● Available data

********

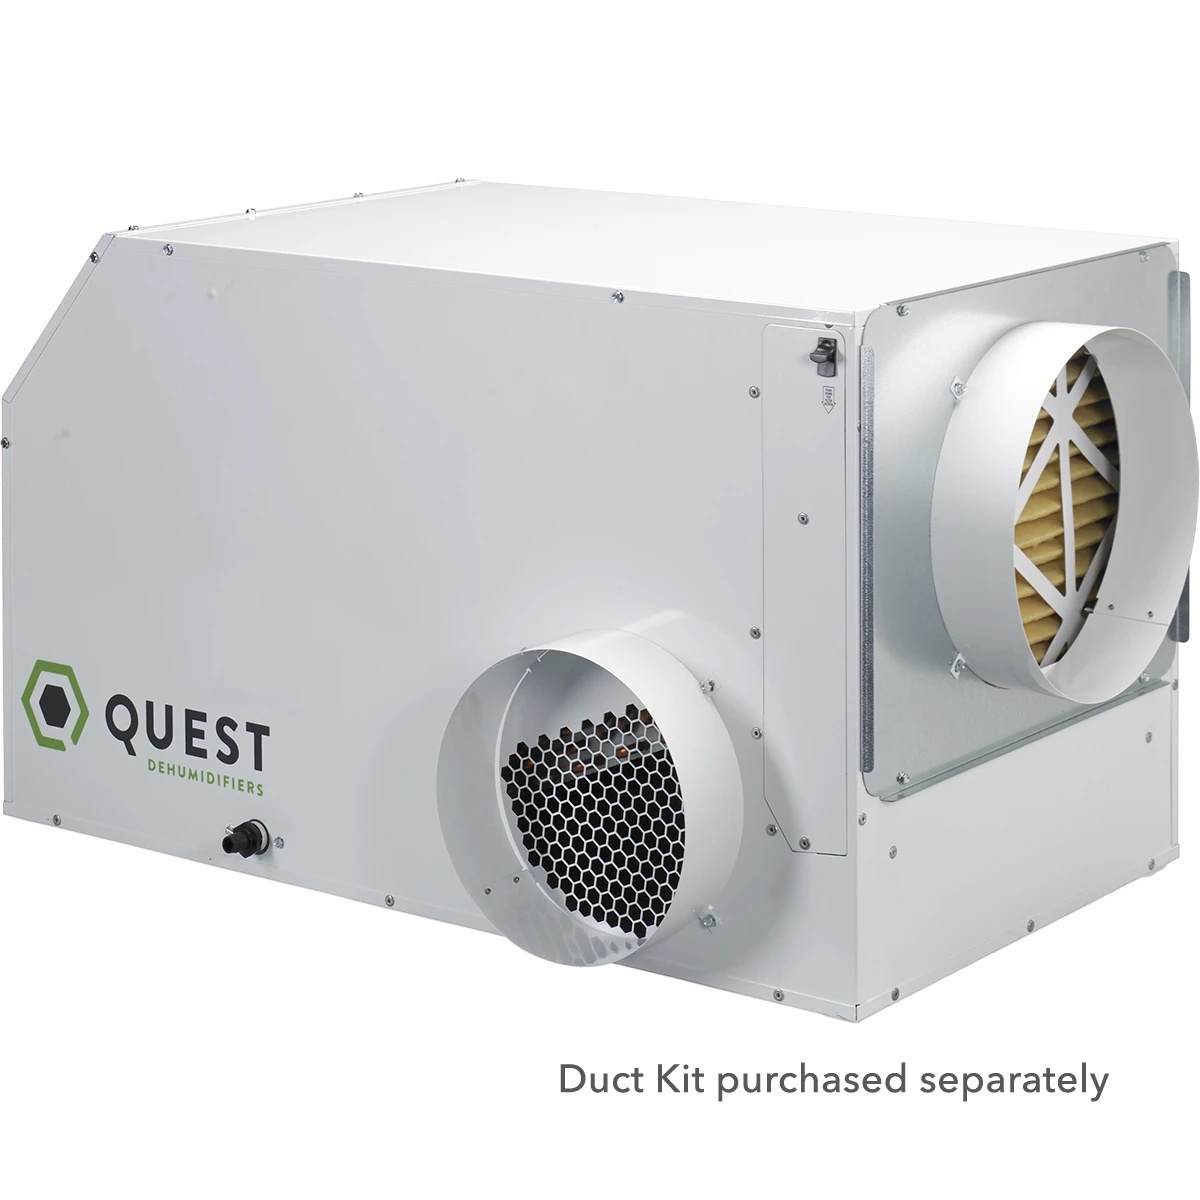 Quest Dual 225 Overhead Dehumidifier
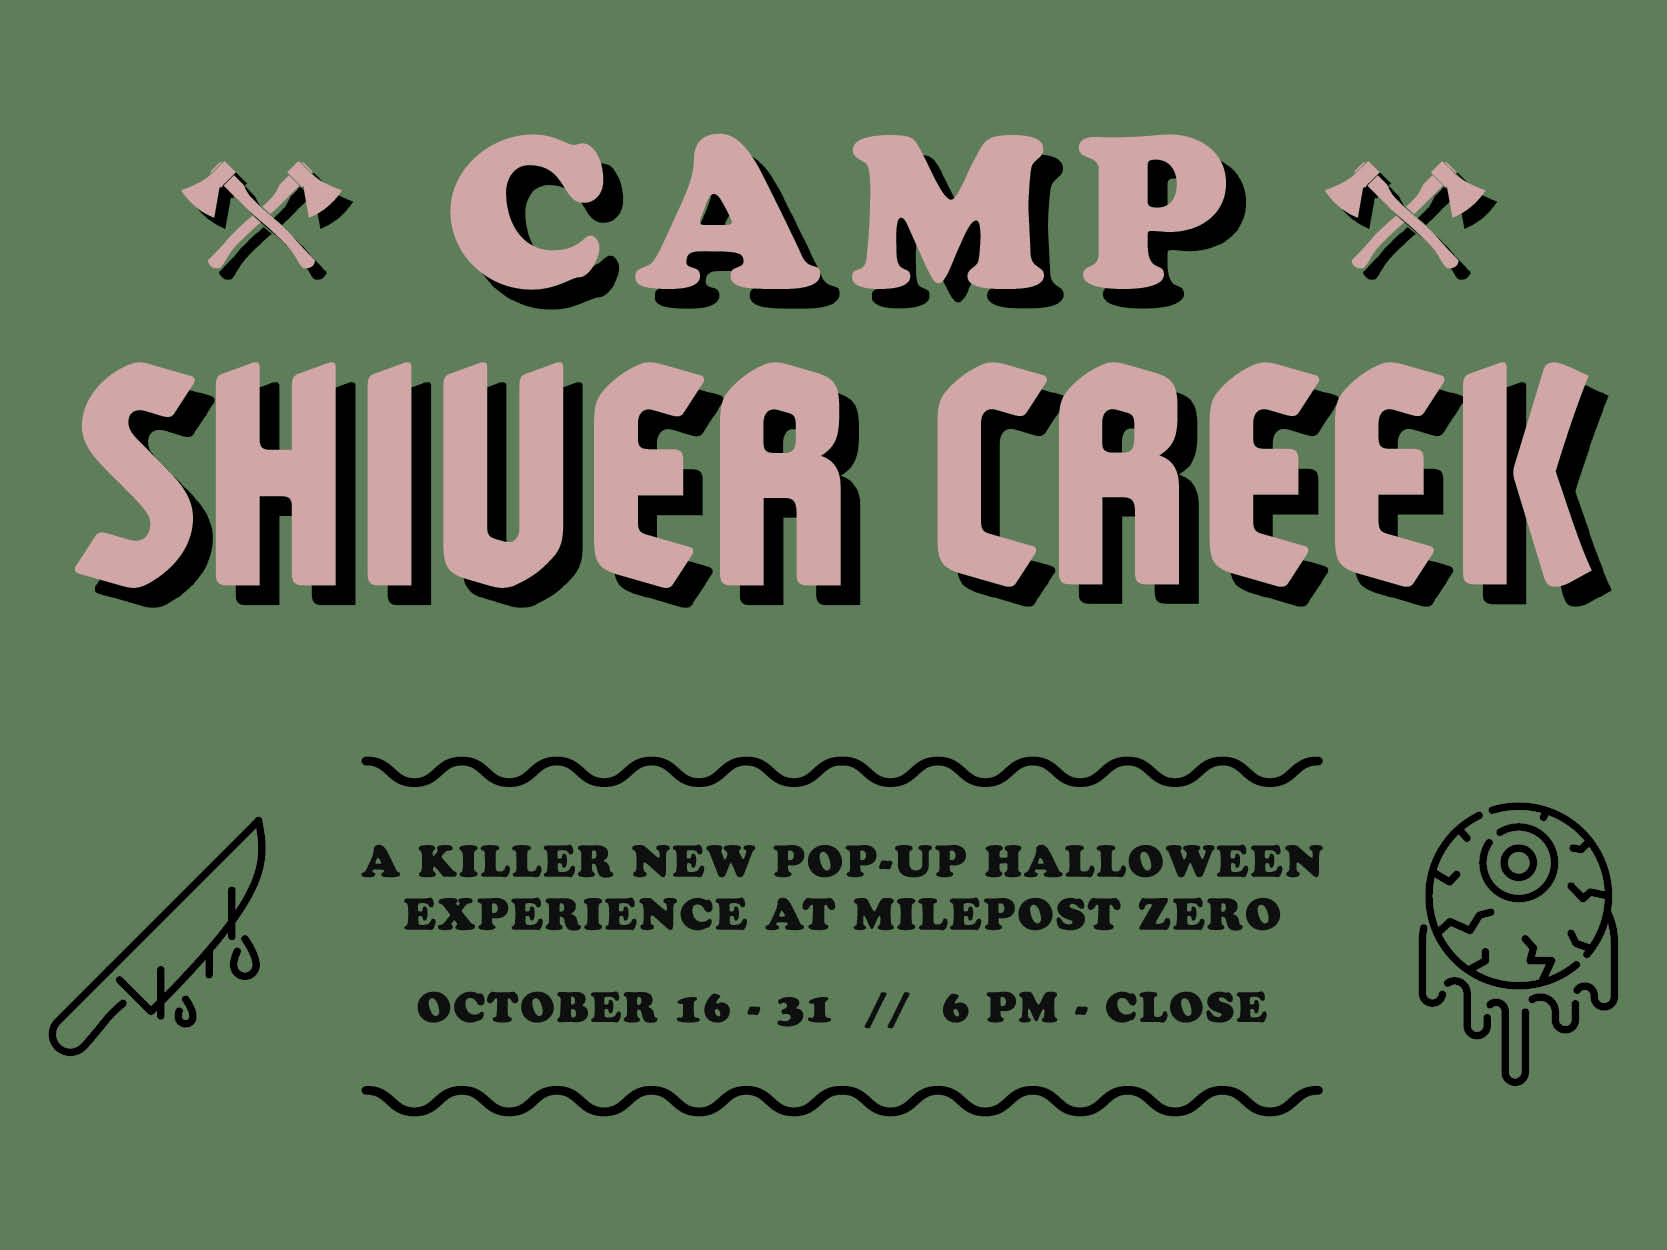 McGregor Square - Events - Camp Shiver Creek details
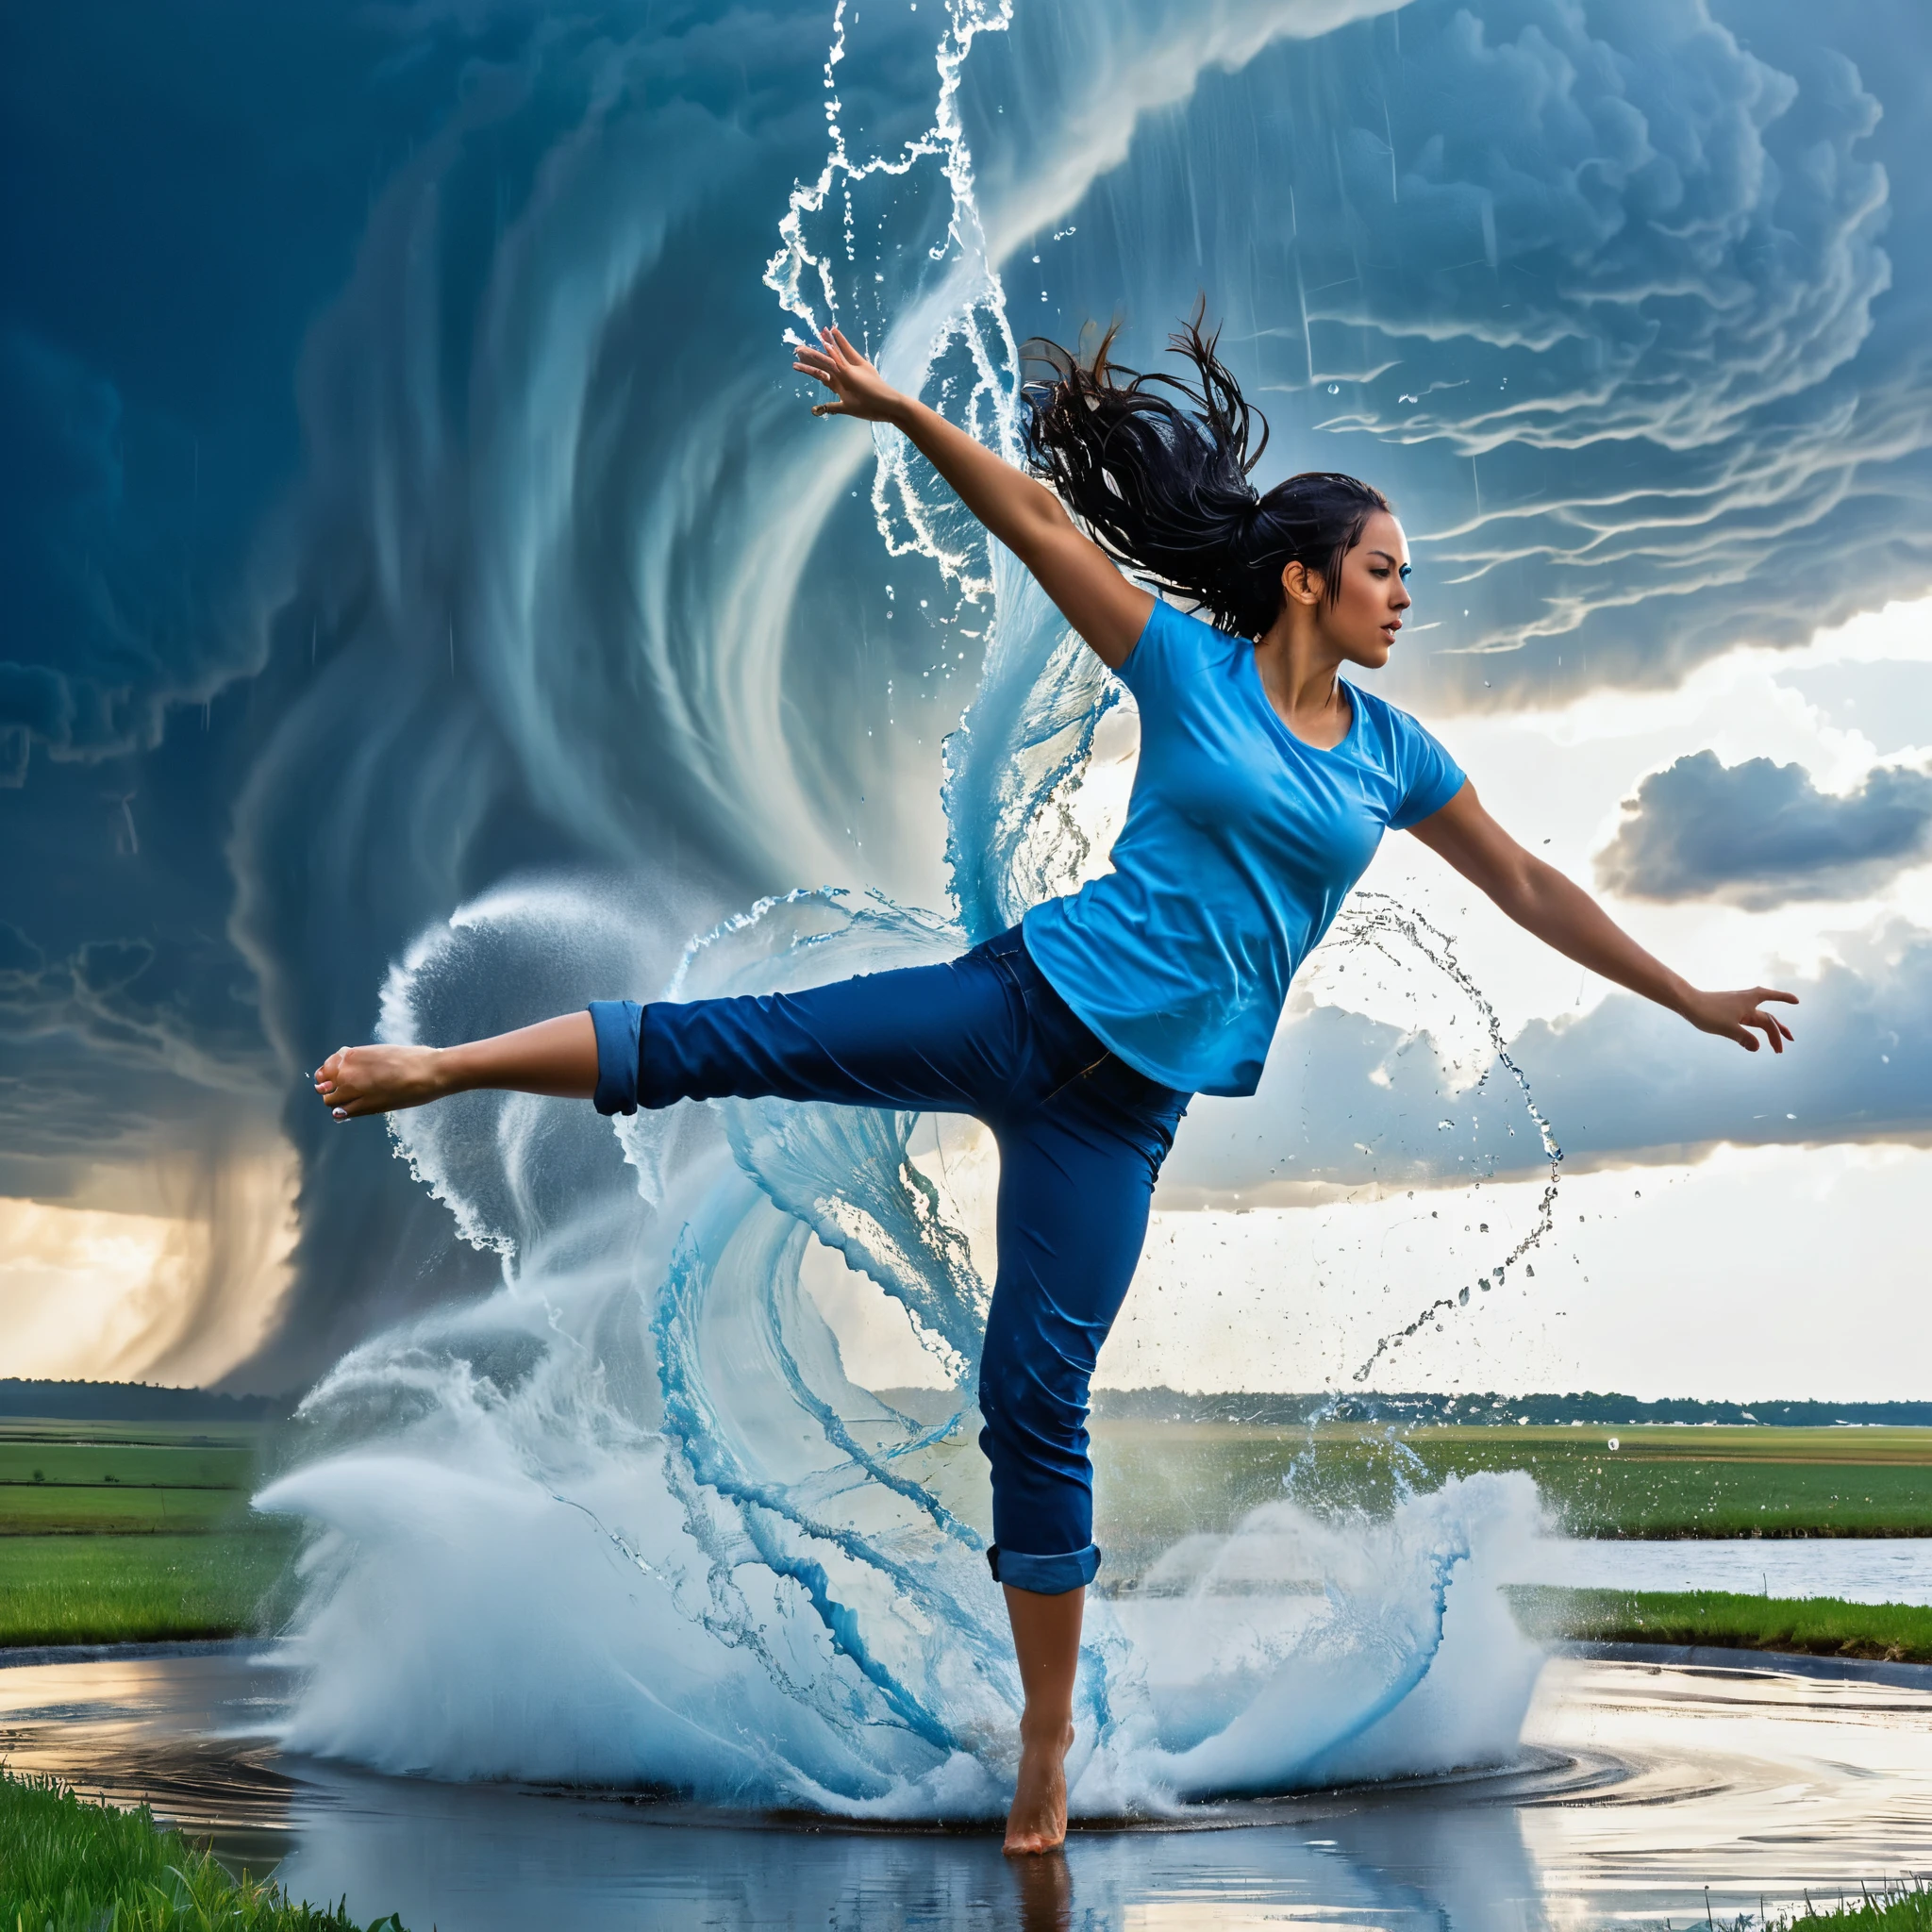 Une scène dynamique d&#39;une jeune femme aux longs, cheveux bleus flottants attachés en arrière, portant une chemise bleu clair et un pantalon retroussé bleu foncé, exécuter un coup de pied haut contre une énorme tornade d&#39;eau. La tornade d&#39;eau, avec une structure en spirale, éclate et éclabousse de façon spectaculaire lors de l&#39;impact avec son pied. Le décor est une zone ouverte avec un ciel bleu clair et quelques nuages en arrière-plan. La lumière du soleil se reflète sur les gouttelettes d&#39;eau, créer un effet scintillant. La scène globale transmet un sentiment de force, action, et fluidité. photo hyper réaliste, Couleurs vives, 16k
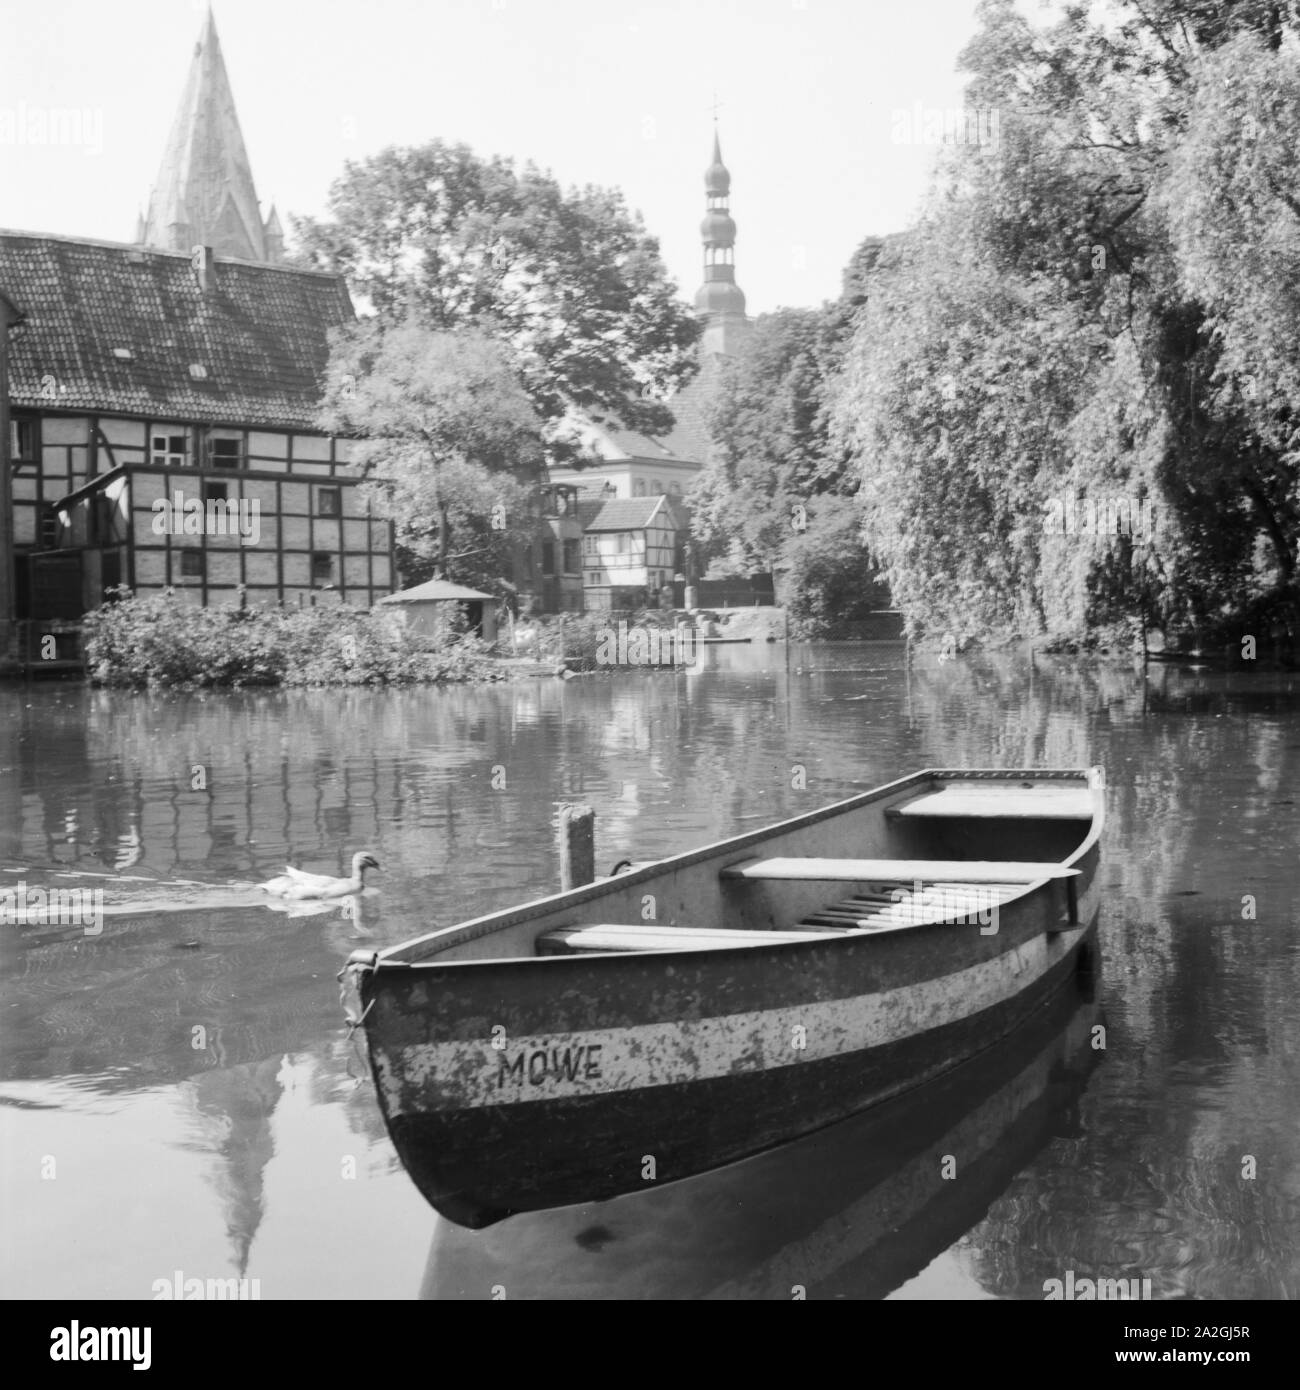 Das Ruderboot 'Möwe' Balatonfüred mit dem Wasser in Soest mit Blick auf den St. Patrokli Dom und die St. Petri Kirche, Deutschland 1930er Jahre. Ein Ruderboot liegt auf dem Wasser bei Soest in Westfalen, Deutschland 1930. Stockfoto

********

● Problem
The lines above should be transcribed exactly, with every image removed.

● Exercise solution
 Quest Dual 225 Overhead Dehumidifier
 McGregor Square - Events - Camp Shiver Creek details
 Une scène dynamique d&#39;une jeune femme aux longs, cheveux bleus flottants attachés en arrière, portant une chemise bleu clair et un pantalon retroussé bleu foncé, exécuter un coup de pied haut contre une énorme tornade d&#39;eau. La tornade d&#39;eau, avec une structure en spirale, éclate et éclabousse de façon spectaculaire lors de l&#39;impact avec son pied. Le décor est une zone ouverte avec un ciel bleu clair et quelques nuages en arrière-plan. La lumière du soleil se reflète sur les gouttelettes d&#39;eau, créer un effet scintillant. La scène globale transmet un sentiment de force, action, et fluidité. photo hyper réaliste, Couleurs vives, 16k
 Das Ruderboot 'Möwe' Balatonfüred mit dem Wasser in Soest mit Blick auf den St. Patrokli Dom und die St. Petri Kirche, Deutschland 1930er Jahre. Ein Ruderboot liegt auf dem Wasser bei Soest in Westfalen, Deutschland 1930. Stockfoto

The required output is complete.